Welcome to the graduate course on Cloud Computing
Cloud computing serves many large-scale applications ranging from search engines like Google to social networking websites like Facebook to online stores like Amazon. More recently, cloud computing has emerged as an essential technology to enable emerging fields such as Artificial Intelligence (AI), the Internet of Things (IoT), and Machine Learning. The exponential growth of data availability and demands for security and speed has made the cloud computing paradigm necessary for reliable, financially economical, and scalable computation. The dynamicity and flexibility of Cloud computing have opened up many new forms of deploying applications on infrastructure that cloud service providers offer, such as renting of computation resources and serverless computing.
This course will cover the fundamentals of cloud services management and cloud software development, including but not limited to design patterns, application programming interfaces, and underlying middleware technologies. More specifically, we will cover the topics of cloud computing service models, data centers resource management, task scheduling, resource virtualization, SLAs, cloud security, software defined networks and storage, cloud storage, and programming models.

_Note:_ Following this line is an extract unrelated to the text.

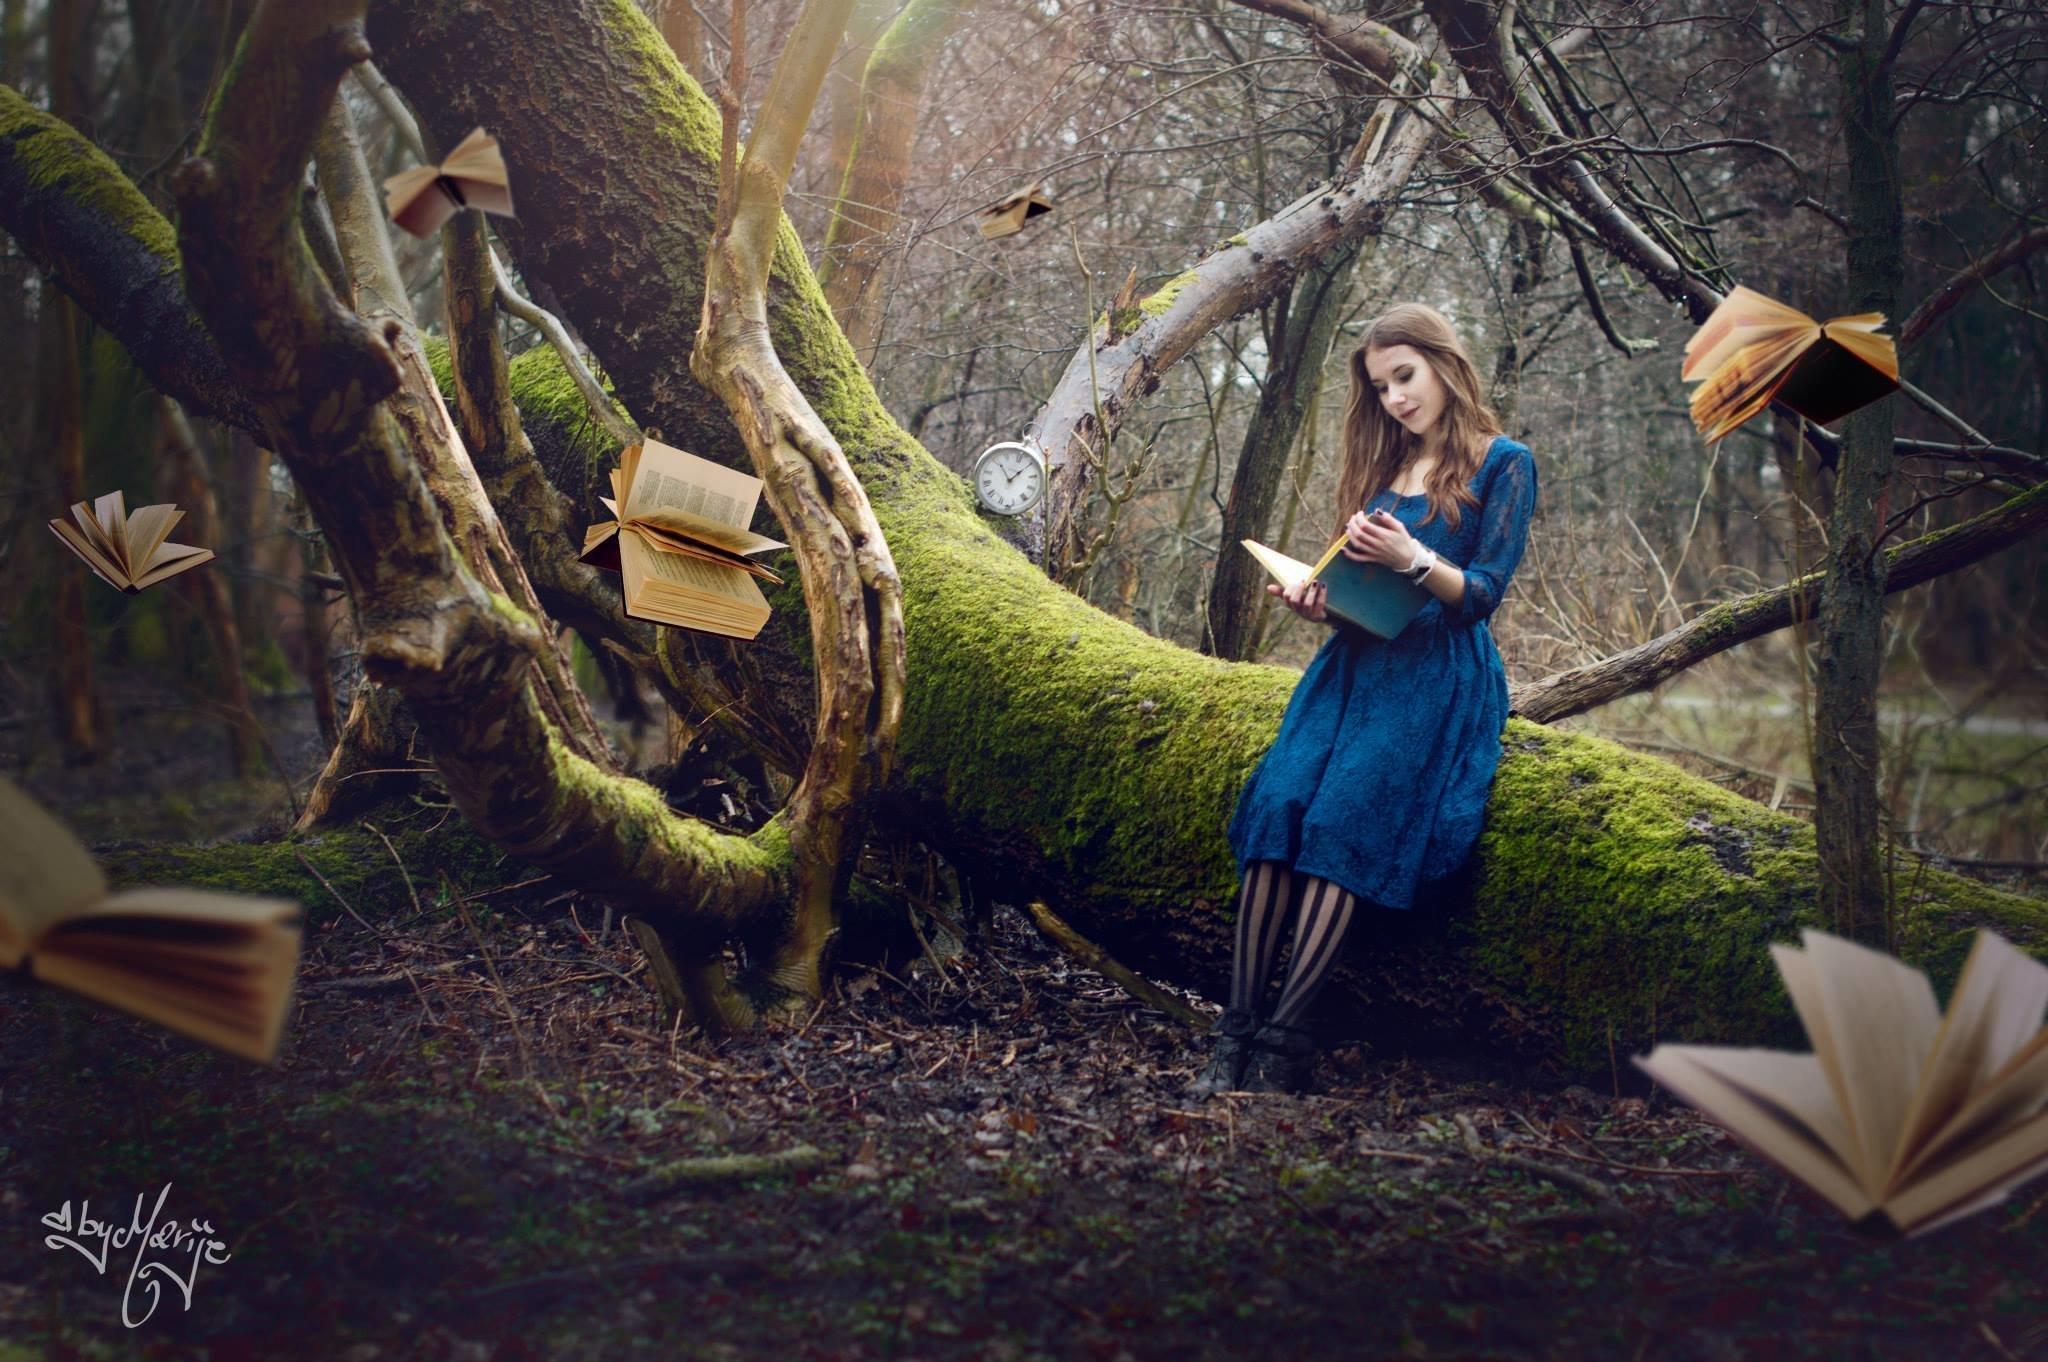 Alice in Wonderland - Model: Shanou Elise
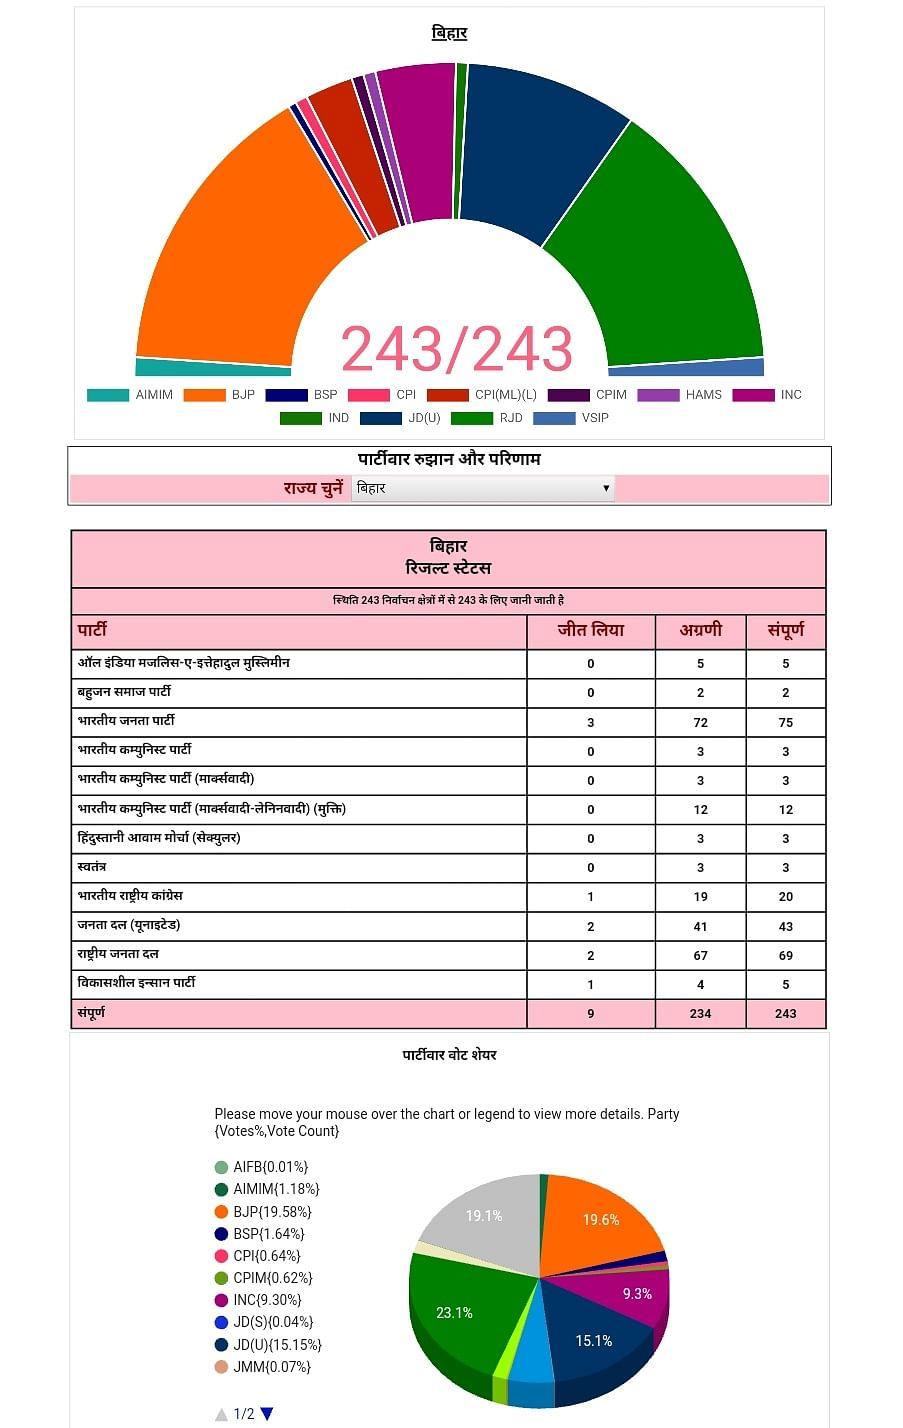 Bihar Chunav ke Natije: शाम साढ़े पांच तक का चुनावी परिणाम

We will also discuss data center design and management strategies, which enable the economic and technological benefits of cloud computing. Lastly, we will study cloud storage concepts like data distribution, durability, consistency, and redundancy.
Lecture Info
- Instructor: Ali Anwar
- Meeting time: T,Th 09:45 AM - 11:00 AM
- Location: Elliott Hall N119
- Email: aanwar_AT_umn.edu
Prerequisite
Undergraduate-level Operating System or a similar course is preferred. This course assumes familiarity with systems, including how operating systems work and how networks work. If you don’t have this background, you should be in communication with me (the instructor) at the beginning of the semester.
Who is this course for?
This course is primarily intended for graduate students and motivated seniors who want to learn the latest research advances in distributed systems and cloud computing areas, and are interested in building cloud-based distributed systems used/demanded by existing/emerging data-intensive applications.
Grading policy
Your grade will be calculated as follows:
- 10% homework assignments (potential bonus points as well)
- 10% class participation (potential bonus points as well)
- 30% coding assignments
- 50% research projects
Grading rules
The final grade is computed according to the following rules:
- A+: A: [90%, 95%); A-: [85%, 90%)
- B+: [80%, 85%); B: [75%, 80%); B-: [70%, 75%)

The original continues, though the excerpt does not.